Releasing her, he tipped his hat and nodded a farewell to Madame Zoe. He strode away down the banquette with his shoulders back, swinging his cane forward like a weapon with his every stride.

  "A dangerous ass, that," Madame Zoe said as she stared after him, "but an ass all the same. You would think one of his canes had been shoved up his—but never mind."

  "Do you think so?" To Ariadne, he seemed merely pompous and overly fond of having his own way.

  "Those who do not see themselves and events as they are, who can't recognize that others may have a different view, are always dangerous. They so often must force matters to conform to their desires, removing anything that stands in their way."

  "Or anyone? Sasha tried that and discovered it did not work."

  "That doesn't mean he won't attempt the same again."

  A shiver feathered down the back of Ariadne's neck as she considered how unfit Gavin was as yet to face another such threat. Abruptly, she was glad beyond words that Maurelle had insisted he recuperate at the town house. Not that his life was so important. No, it was simply that she wanted no other injury he might sustain to be upon her head. If that seemed a bit ridiculous in light of her vowed intentions, then she could not help it. It made a difference in her mind.

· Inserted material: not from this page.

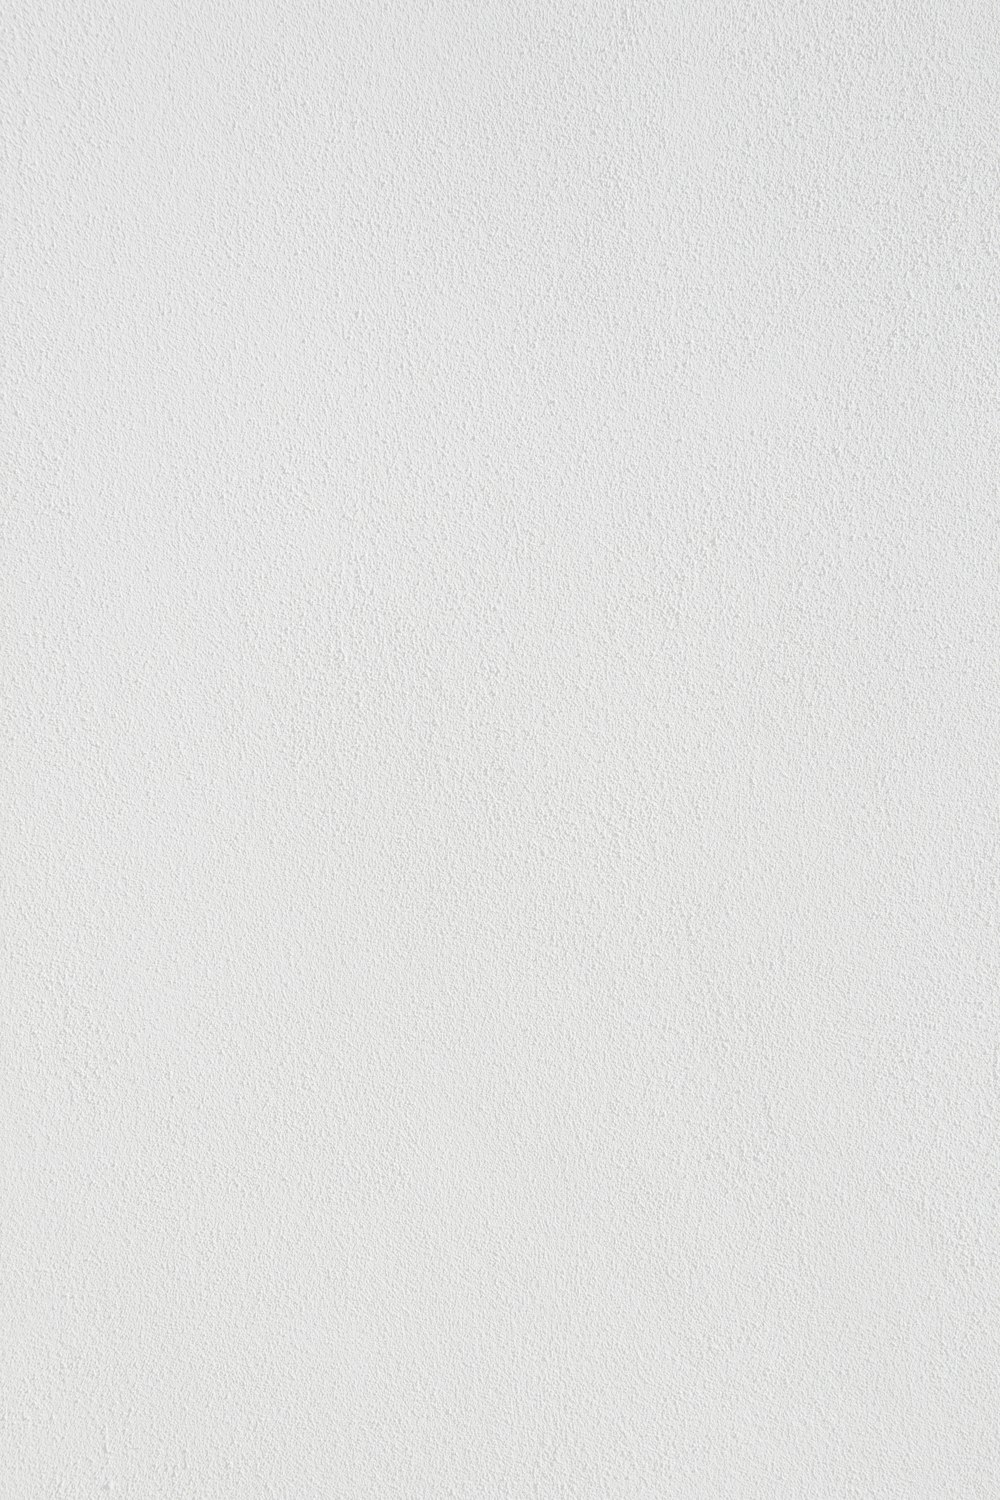 pintura de parede branca com linha preta
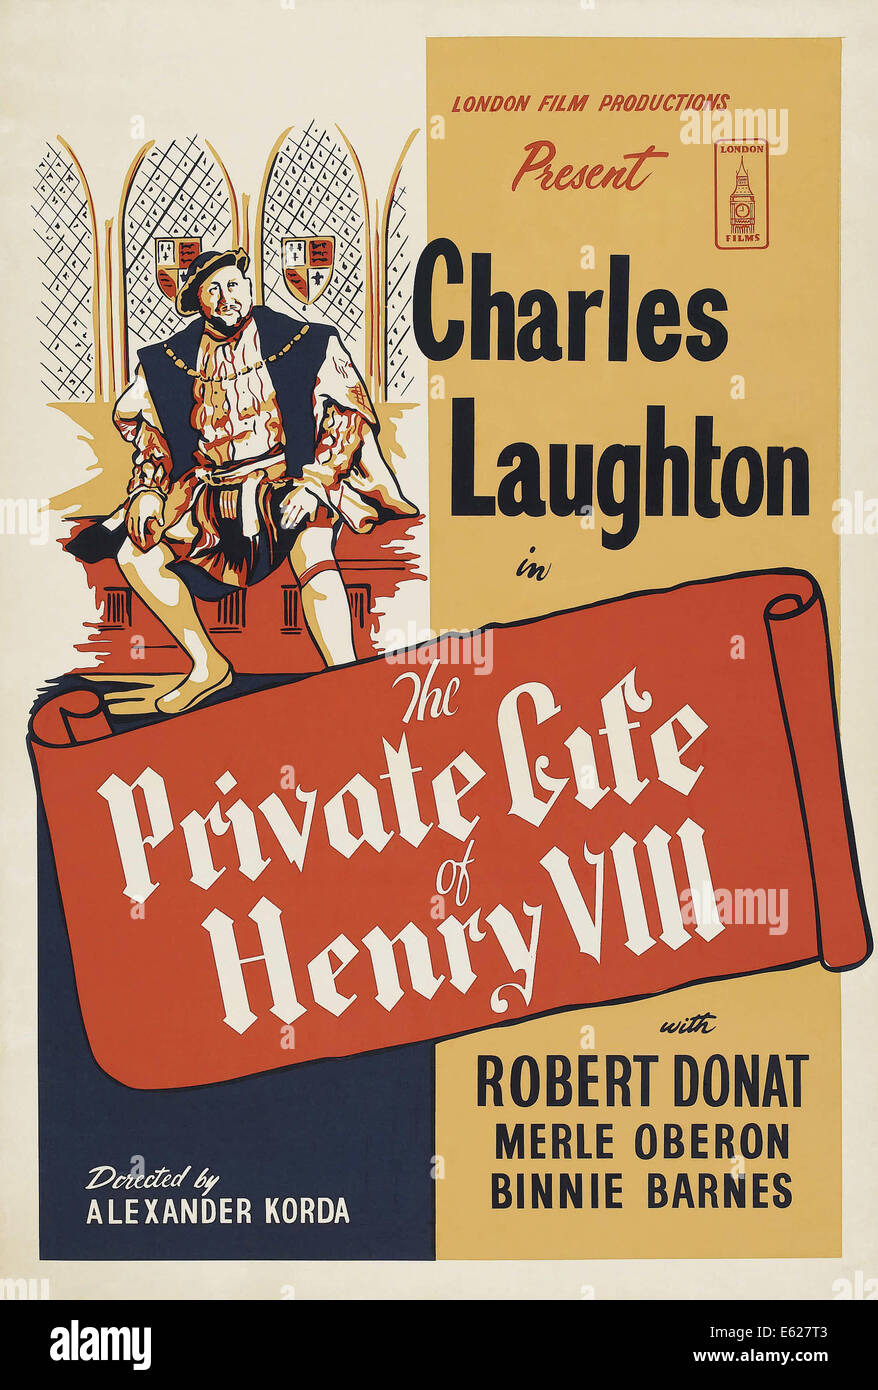 La VIE PRIVÉE D'HENRY VIII - avec Charles Laughton - Affiche - film réalisé par Alexander Korda - United Artists 1933 Banque D'Images

  "Perhaps I am wrong," Madame Zoe said as she adjusted the long bottle-green shawl she wore, throwing an end over one shoulder with theatrical aplomb. "We must hope so, yes? If we cannot feel that joy and pleasure will always triumph over death and destruction then we might as well all slit our wrists and be done with it."

  Beneath her flamboyant manner and sense of fashion, the diva was a wise woman, Ariadne reflected. Not so long ago, she might not have seen it, or, seeing, appreciated it. What had changed? She thought it might have something to do with the easy manners and laissez-faire attitude of the New Orleans French Creoles. Or maybe the change was in herself, she didn't know. She was glad of it, regardless.

  "What say you to a pastry to take the sour taste from our mouths, chère?" Madame Zoe nodded toward a pâtisserie with its blue and gold window decor just down the street. "I feel the need of a creme coronet, and there are tables on the sidewalk so we can't be accused of plying the oldest trade by seating ourselves inside without a male escort."